When the winter comes here, and should I be so inclined to complain about (which I am not), I might say, “Well, at least I’m not in Rhode Island!” And somehow the contrast is supposed to make me feel a 36 degree Florida morning in a different way.
Or if I wish to see my daughter, whom I haven’t seen in 4 or 5 weeks, I’m supposed to miss her less because “at least I’m not 1300 miles away anymore.” It’s not working for me.
One of the strategies I have for healthy and productive thinking is to rate such notions for what they are- bunk. And replace them with reflecting a newer awareness.
It occurred to me recently as I walked back from the break room to my cubicle after filling my gray “Big Bubba” insulated mug with ice and flavored water, that the replacement mantra might be, “In everything give thanks.” And that opens new doors.
Despite the sound of it (“everything”), it seems to me to be quite specific. Every single thing. And it follows that there must be someone to whom I render gratitude.

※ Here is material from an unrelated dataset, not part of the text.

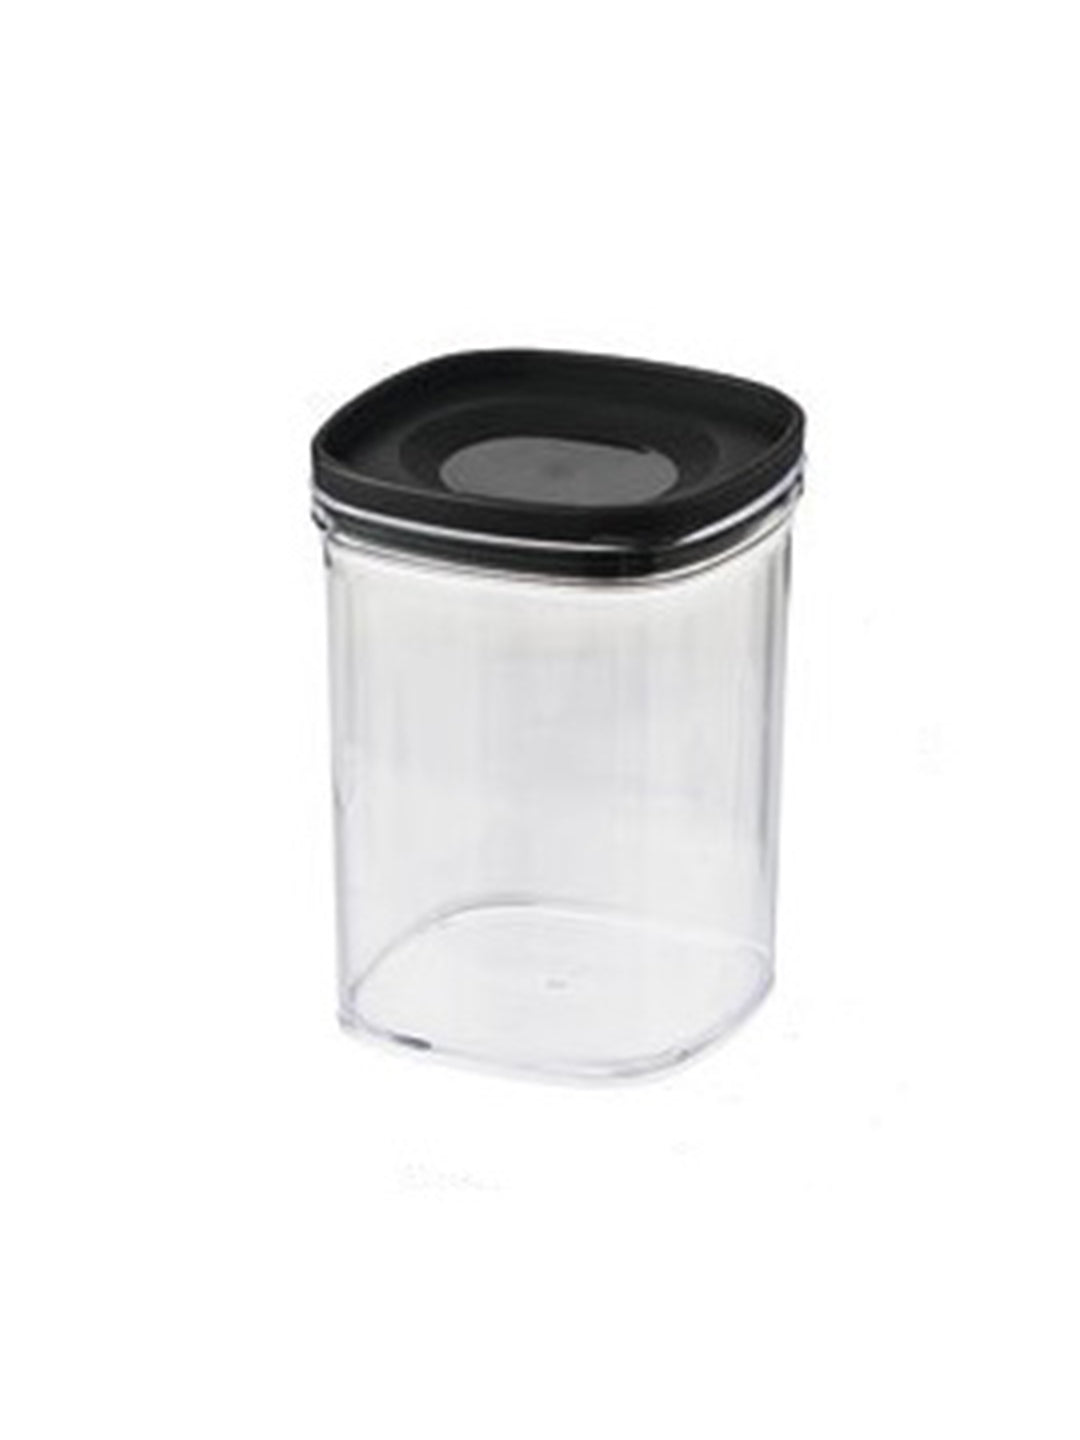 VON CASA Kitchen Cabinet Medium Airtight Plastic Containers - Black, Transparent

Without opening a theological discourse on the matter, the immediate view for me of this is that I can keep myself in the here and now rather than the there and then of life.
To have defaulted to that adage of the past, I make that thing that is the least good about today the bigger thing – winter in Florida is only slightly better than winter in Rhode Island.
The truth is, there is so much better about my life here and now than there was there and then. And my daughter and I are a lot closer than the difference between 1300 miles and 90 miles.
Shawn may be a professional homeless man who lives permanently in Tampa. He may very well have played me. But frankly, I don’t care. Because I am here, here and now, I’m closer to my children and my grandchildren. Closer than 1300 miles in many ways. And for that, I am grateful.
As far as I’m concerned, Shawn just got under the shower of blessing that is my thankful life.